Goodbye, Peter

                 My own songs awaked from that hour

 our families were very close

                 You know his voice

 but you think of him saying other people’s words

                  and you think of pronunciation

 when words are words. I have kept embers of that time

                  Have asked the wind to blow on them.

 Not in Wellington. Surprise, his eyebrows almost shot out of his head

                  to find me with my own beard.

                              I was a child who said surprising things

 which he saw through. Perhaps the wind will not come,

                   the voice is gone. I was not so golden

 in his regard. He laughed. Had a pipe. The time, the Whole

                   Earth Catalogue and Little Red Schoolbook,

 of cultural answers to political questions, was rather beginning

                   than drawing to a close. And the pipe had to go.

 Not the pipes. But certain words. Socialism. Egalitarian society.

                   Socialist utopia. I heard him say too soon to say

 in the brief gold sunrise before, presage to the coming age, when

                   If we speak kiwi, if we do, then, she’ll be right.

                               But I would stay up precociously late

 to hear, bear out the heaviness, of any argument again, about

                  the human element, its burden to government,

                               when we cast our vote by machine,

 when we do. Again have my first glass of cherry brandy, hear

                  on your headphones Switched-On Bach and

                              and hear, His mind is blowing!

 Who is here to see through me if I should presume to say he was

                   an actor unlike any other I knew and how he

                              was, he was my father’s friend, how

 like no other, again, you hear the voice and not the words,

                    what are words? not the song, and if I

                              pronounce he spoke with his fragility

 and his intelligence, how should I presume? without gesture, without

                     face, with the presence of his body.

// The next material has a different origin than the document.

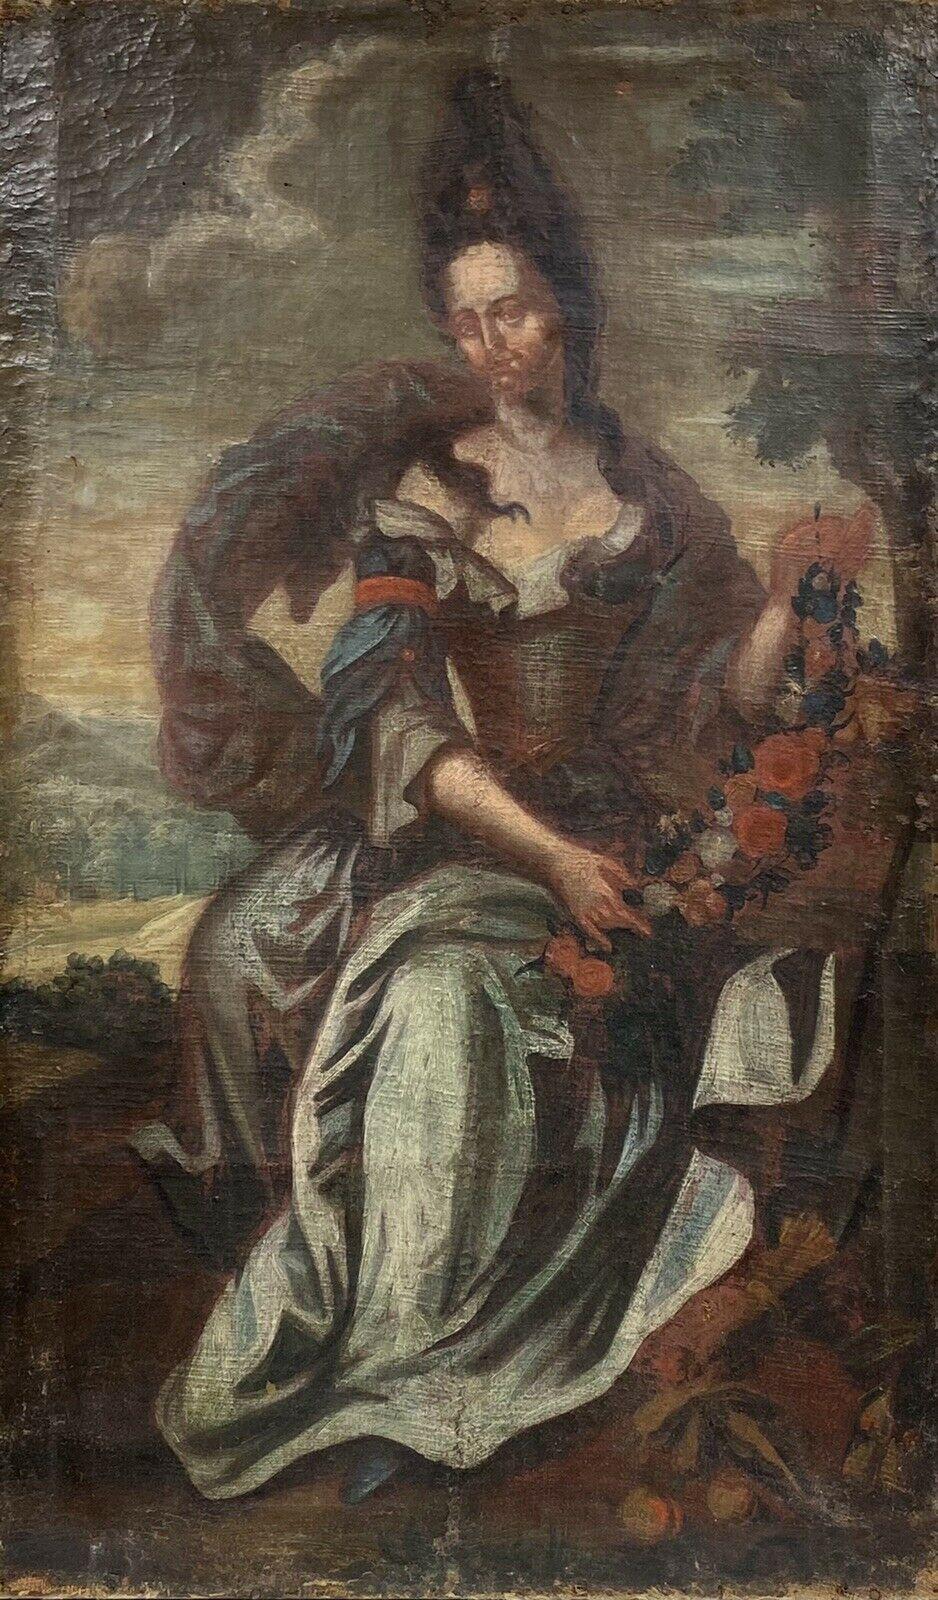 17th CENTURY FRENCH OLD MASTER OIL TO RESTORE - CLASSICAL LADY IN LANDSCAPE

                              Seat, self-

 aware, and self directed, as my father knew,

                      knew him, vulnerable seat, of his working mind.

                              His angles graceful

 elegant songs. A photo of him like this, in State of the Play

                      resting his elbows, on the side of the stage,

                              the classroom. So the older writer I knew him as,

 awaked my own songs at that hour. With an irony

                      hurt by its own distance

                              by laughter overcoming it. And I have at home

 A Choice of Whitman’s Verse, ten years after their wedding, I

                       remember. That day, Farm Road.

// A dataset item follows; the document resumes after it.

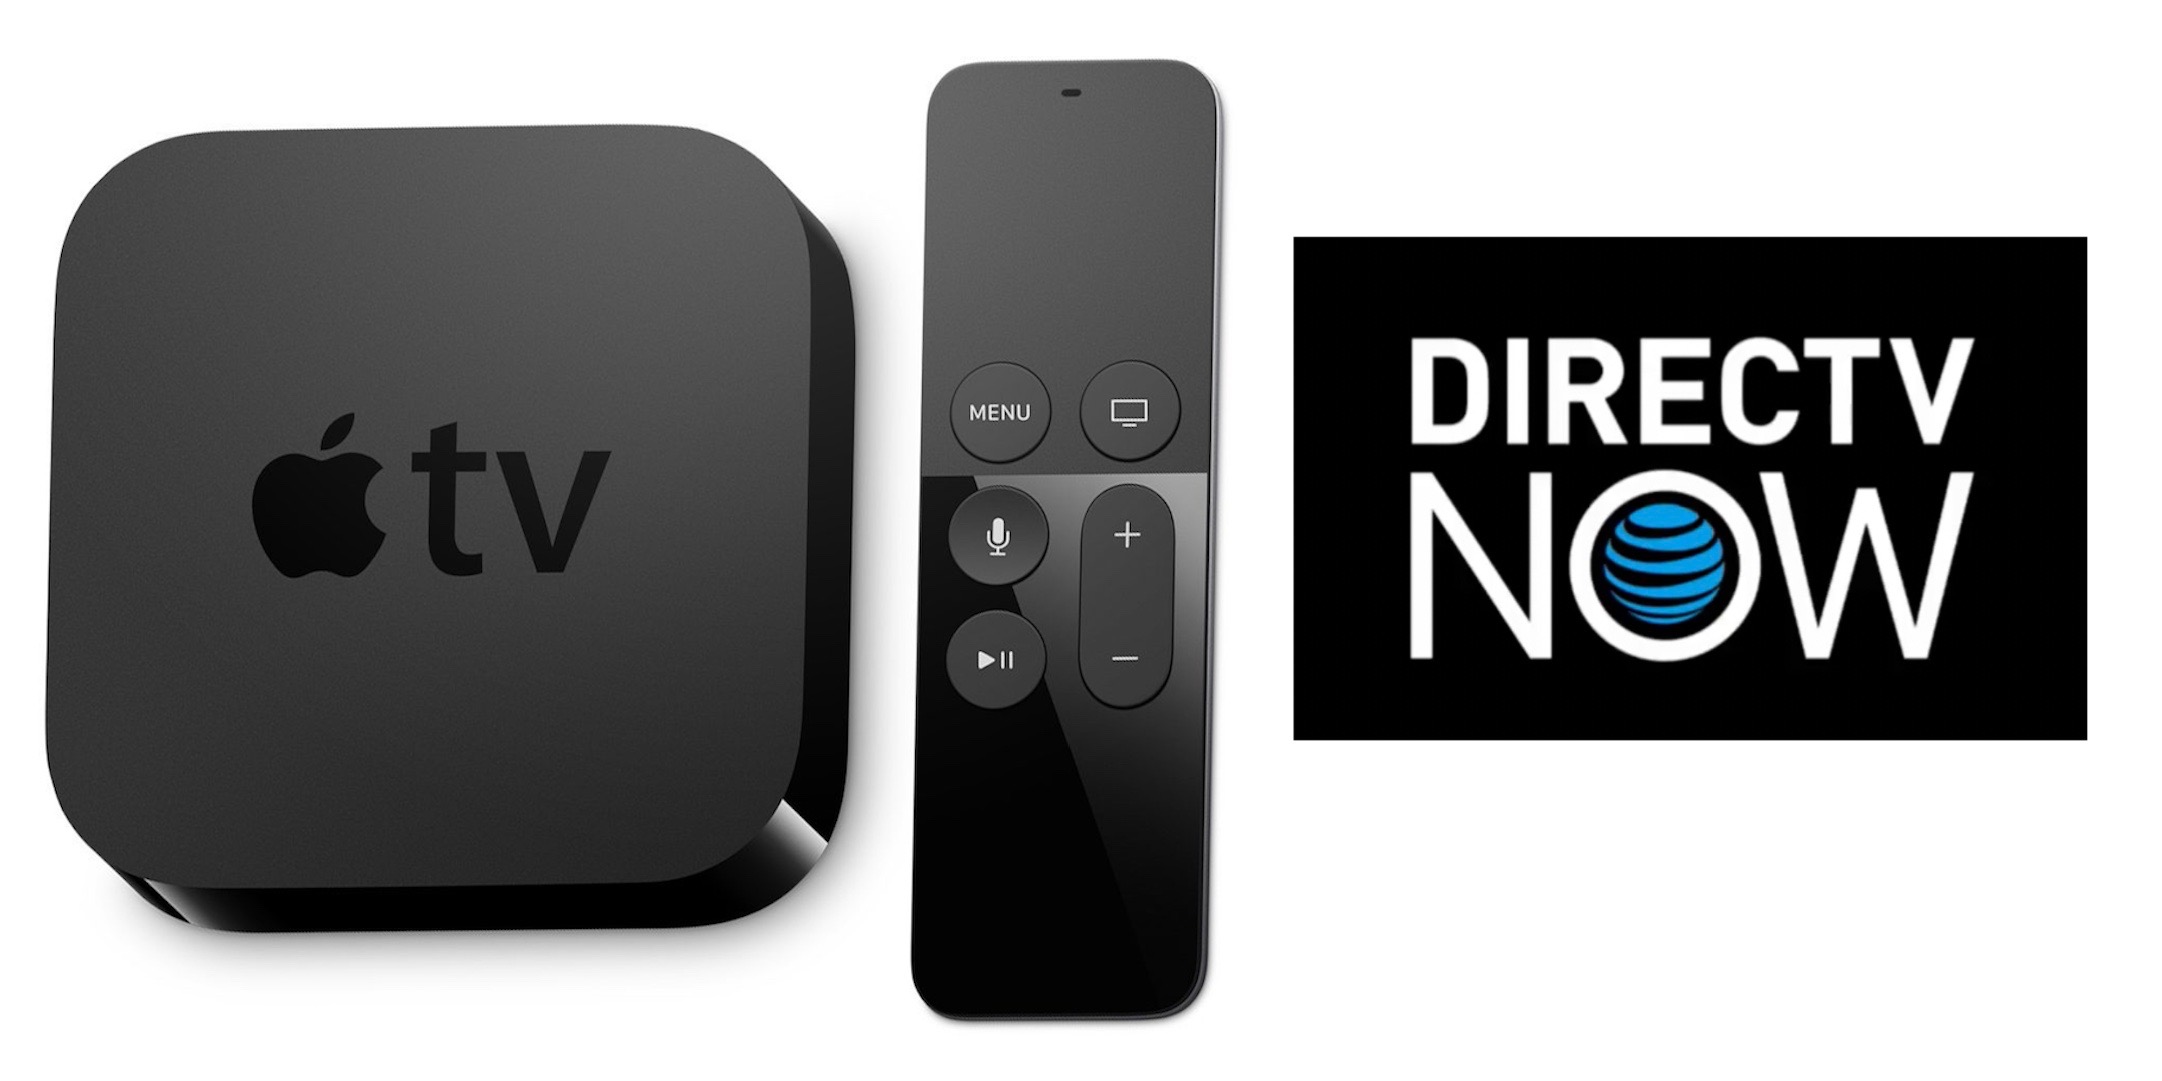 ATandTs DirecTV Now streaming TV service launching November 30 from $35/month + free Apple TV offer

                              And in it, written in the front cover, is

 Simon. and a choice for a young poet, with

                       regards from Peter & Sue V.J,

                              christmas 1980. I don’t know how they

 thought of me. Did they consider the first line for Peter

                        of this song would be from there?

                              Consider at that time I was reading

 Jean-Paul Sartre, I awaked precociously late

                        with only embers, hoping for the wind

                              which changes direction frequently

 on these islands, to the hour of the gifts they gave,

                        in that generous brief and golden sunrise.

 That I was not golden in his regard. You see how he saw

                         through me? to my youth, a child of Whitman’s

                              who stayed young for you and sings

 and shares, with that poet forever youthful, his birthday.

                         At Rotoiti, we liked to pronounce it, aping the

                              accent of the well-to-dos, as leak,

 Another photo. This time, taken by Peter. I am on the jetty.

                        My younger brother is there beside me.

                              News of his birth came

 when I was in the bath at Peter and Sue’s. My parents’

                        game, If you had other parents who

                              would they be? So there I was.

 In Peter’s black-and-white photo I had freckles, a soft brim

                         hat, old clothes, a trenchcoat and belt,

                              gumboots. With perhaps no intelligence

 at all, but thoughtful, and no intelligence of what,

                         I am looking into the grain of the photo,

 the water and the mist, it is agreed that

                         it is of Christopher Robin, so it is.

 So it is Christopher Robin

                         who says,

                              Goodbye, Peter.